In order to file a Form 5472, the LLC must obtain an employer identification number from the IRS. For each Form 5472, the Form must include (1) the name, U.S. tax identification number, if applicable, and address of the related party, (2) the nature of the related party’s business and its principal place of business, (3) each country in which the related party files an income tax return as a resident under the tax laws of that country, (4) the relationship of the LLC to the related party, (5) the name, address, and U.S. taxpayer identification number for the reporting corporation, (6) the reporting corporation’s total assets, (7) the places where it conducts its business, (8) its principal business activity, and (9) the name of all direct and indirect 25-percent foreign shareholders, among other information. The information reported on a Form 5472 is not available to the general public but is available to the IRS and other government agencies if the disclosure of information is authorized under Code section 6103. In addition, the United States can also exchange the information on the Form 5472 pursuant to tax treaties, protocols, and tax information exchange agreements under Code section 6103.

In addition to reporting obligations, the LLC has a record maintenance requirement under Code section 6038A for transactions with foreign related parties. It is required to keep (1) original entry books and transactional records, (2) profit and loss statements, (3) pricing documents, (4) any foreign country and third party filings relevant to the related transactions, (5) ownership and capital structure records, and (6) records of loans, services and other nonsales transactions, among others. Failing to file a Form 5472 may result in a $10,000 penalty for each form the reporting corporation was required to file.

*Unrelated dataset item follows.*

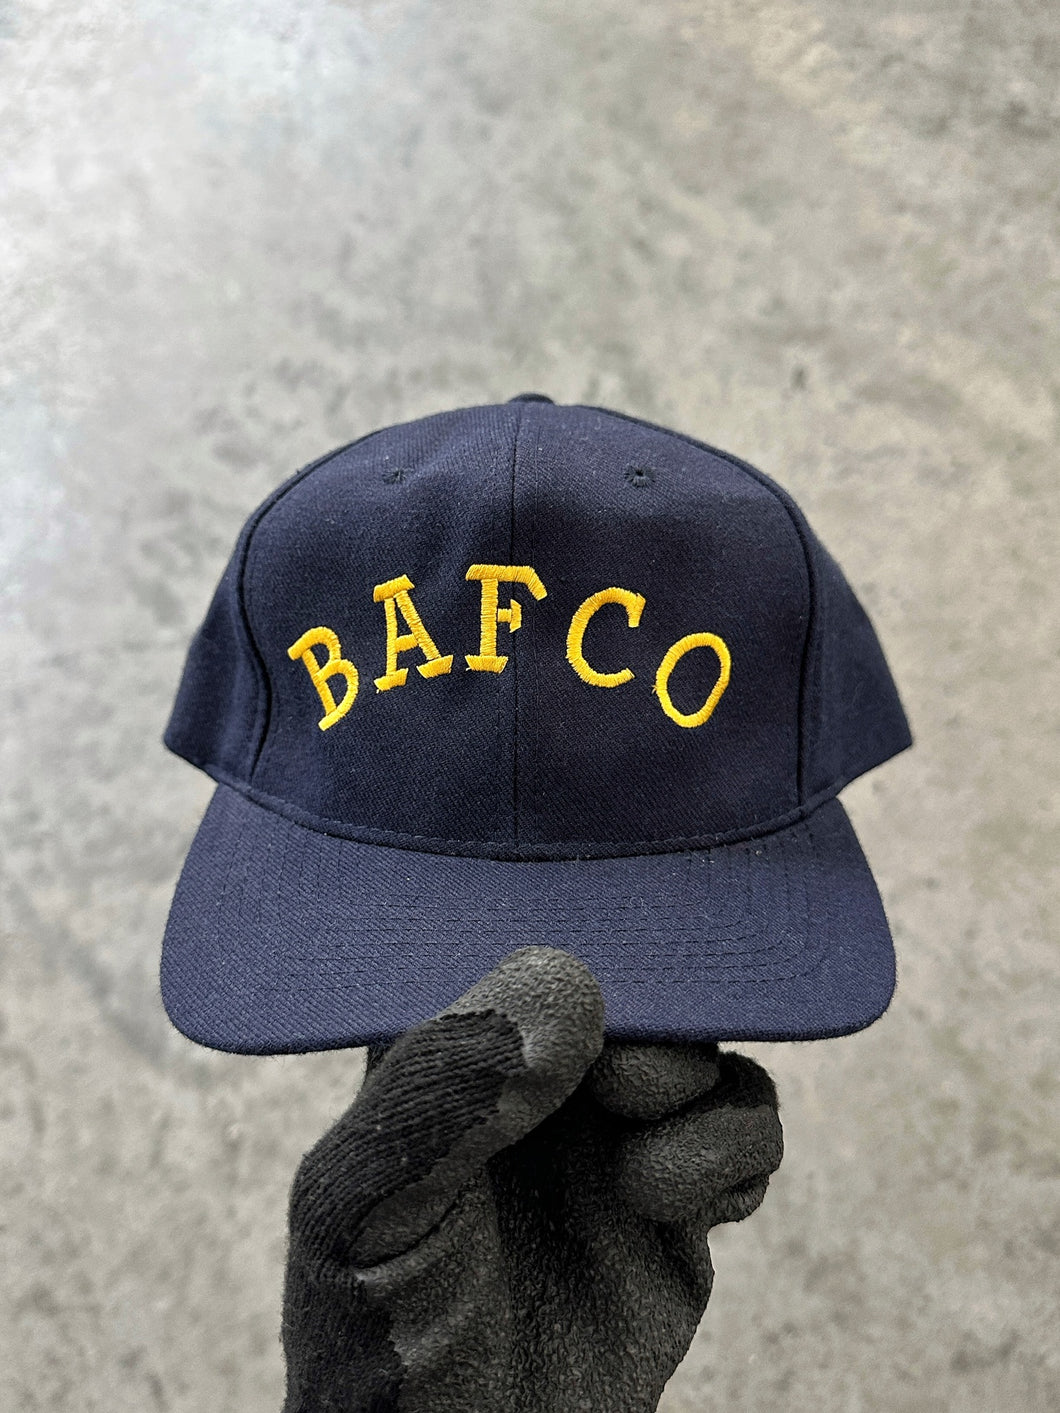 NAVY “BAFCO” HAT - 1980S

This penalty also applies if the reporting corporation fails to comply with the record maintenance requirements under Code section 6038A. Criminal penalties may also apply if the reporting corporation files false or fraudulent information on a Form 5472.

Taxpayers who are concerned about their potential reporting obligations under these regulations should consult with competent tax counsel to determine whether they will have a Form 5472 obligation for the 2017 tax year.